Lenders have a varying tolerance for short sales and mitigated losses. The majority of lenders have pre-determined criteria for such transactions. Other distressed lenders may allow any reasonable offer subject to a loss mitigator's approval. Multiple levels of approvals and conditions are very common with short sales. Junior liens - such as second mortgages, HELOC lenders, and HOA (special assessment liens) - may need to approve the short sale. Frequent objectors to short sales include tax lien holders (income, estate or corporate franchise tax - as opposed to real property taxes, which have priority even when unrecorded) and mechanic's lien holders. It is possible for junior lien holders to prevent the short sale. If the lender required mortgage insurance on the loan, the insurer will likely also be party to negotiations as they may be asked to pay out a claim to offset the lender's loss in the short sale. The wide array of parties, parameters and processes involved in a short sale makes it a relatively complex and highly specialized type of real estate transaction which is why unfortunately short sale deals have a high failure rate and often do not close on time to save homeowners from foreclosure when they are not handled by a knowledgeable and experienced professional. The best sources of knowledge and expertise in short sales are short sale negotiators, loss mitigation specialists, and real estate lawyers who specialize in short sale.

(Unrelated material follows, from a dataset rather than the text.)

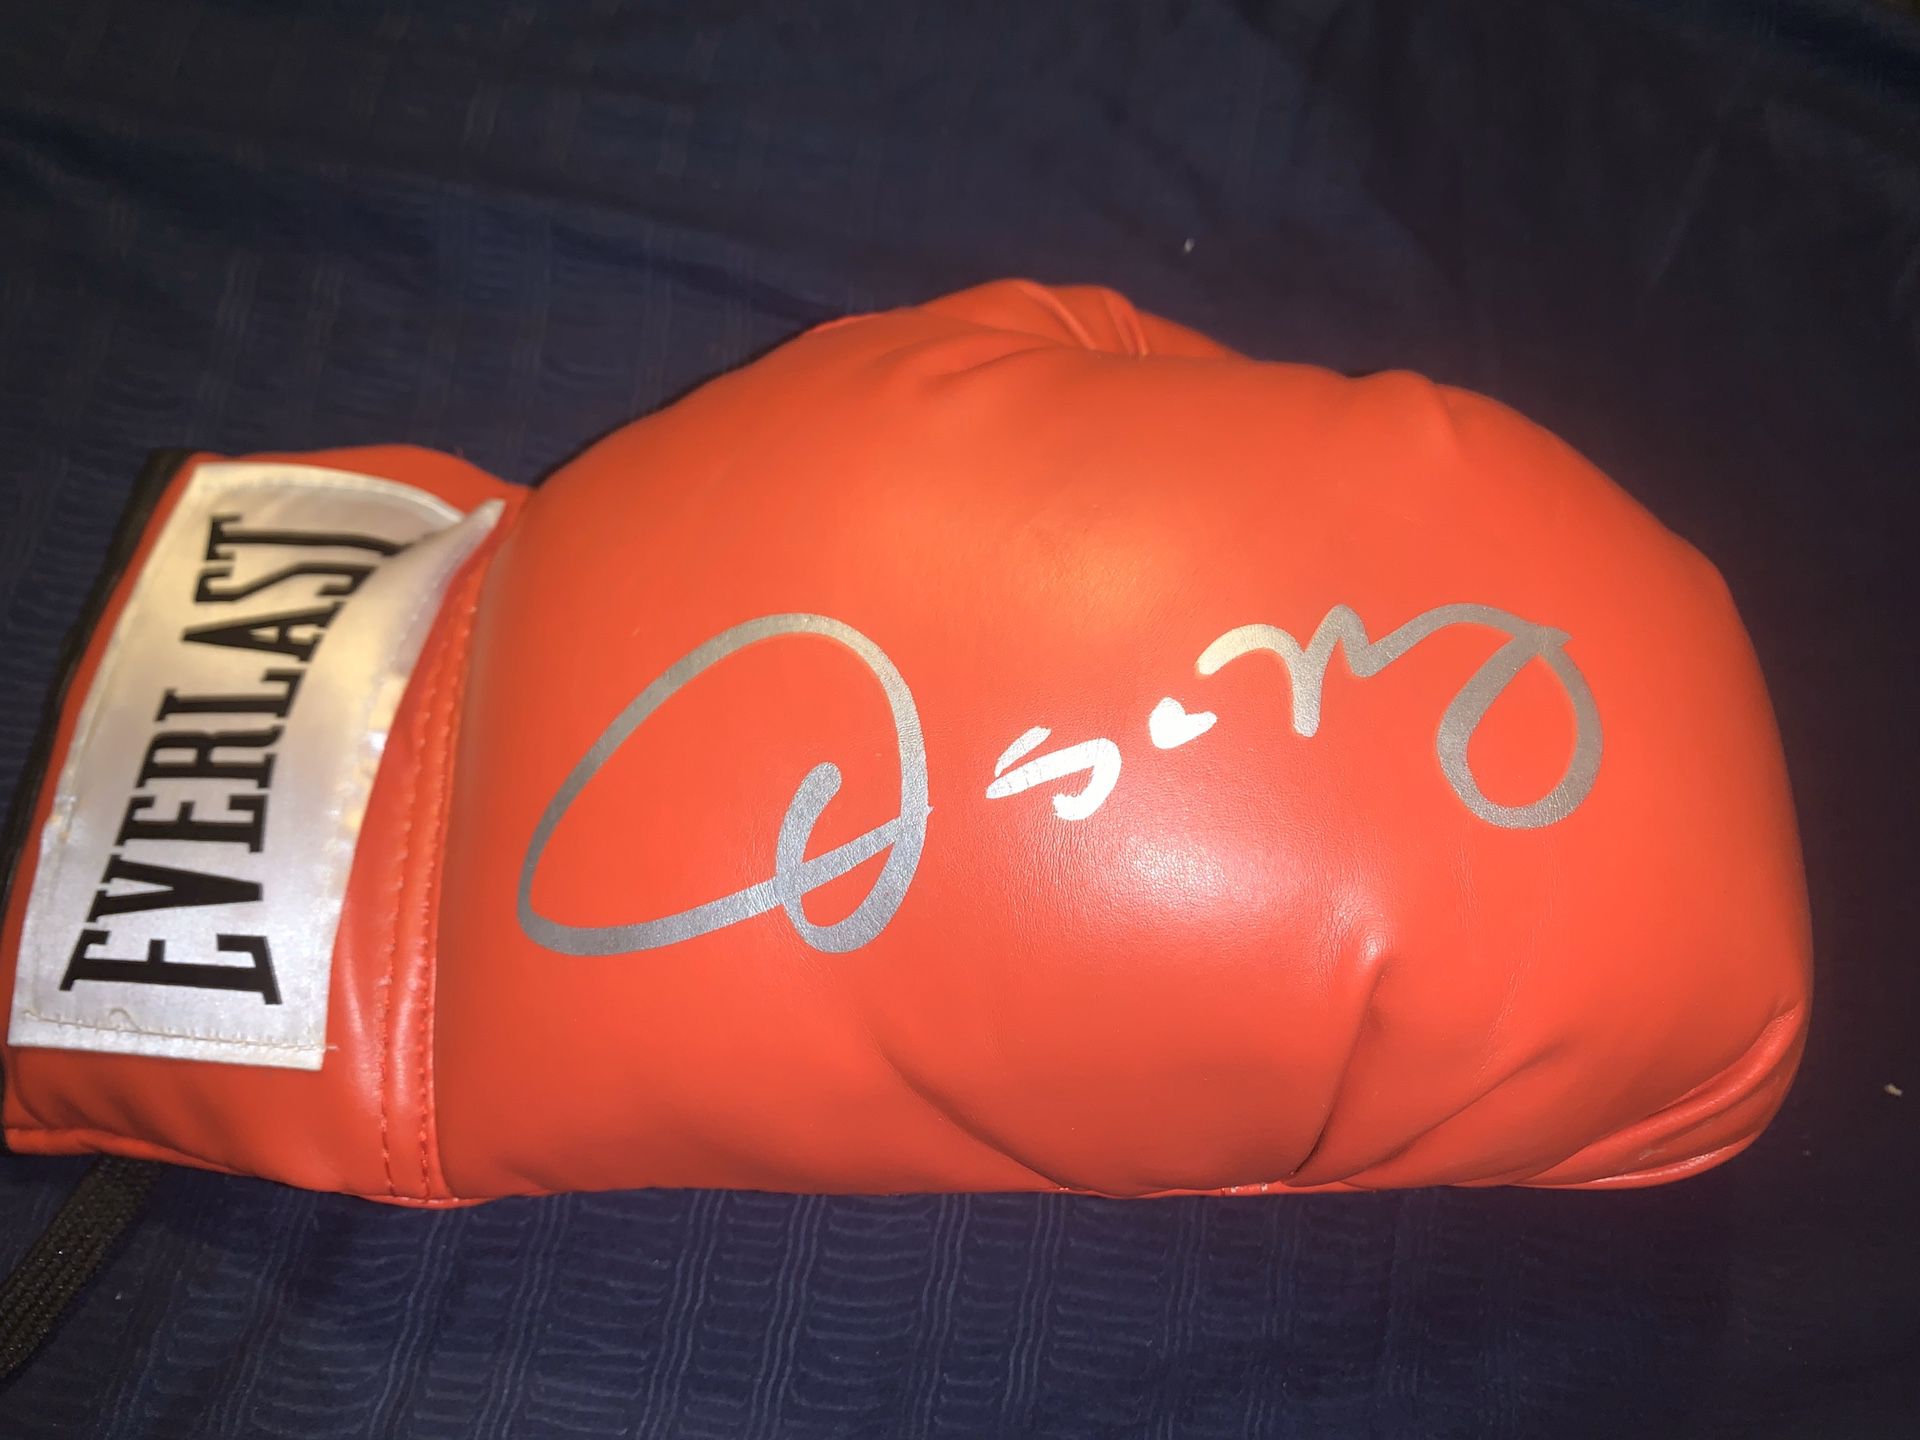 Boxing Legend Oscar De La Hoya

One thing a buyer should know about a short sale is there is no necessary commitment by the bank to sell the house. When the bank completes a short sale they have to write off the difference between their loan amount and the lesser proceeds from the escrow, something they wish to avoid. You may go through all the paperwork to make an offer on the house, pay for inspections, and put down a deposit to start the sale process. After you have made your offer, the bank may try to convince the seller to refinance their loan and stay in the house, which avoids the bank having to take the write off. Some real estate listings now make a distinction between a "bank approved short sale" and a situation where the seller hasn't really communicated their intentions to the bank (short sale). So if you have a fixed time period to get in a specific area you may be better off with a foreclosure (the bank formally took possession of the property) or a situation where the seller has equity.
A short sale does adversely affect a person's credit report, though the negative impact is typically less than a foreclosure. Short sales are a type of settlement. Like all entries except for bankruptcy, short sales remain on a credit report for seven years. Depending upon other credit information it is typically possible to obtain another mortgage 1-3 years after a short sale.
While it is frequent if not common for a lender to forgive the balance of the loan in question, it is unlikely that a lien holder that is not a mortgagee will forgive any of their balance. Further, it is common for a lender to omit updating mortgage balances zero balance after a short sale. However, willfully misrepresenting information on a credit report can constitute libel in some jurisdictions, and lenders may be sued in civil court for engaging in this behavior.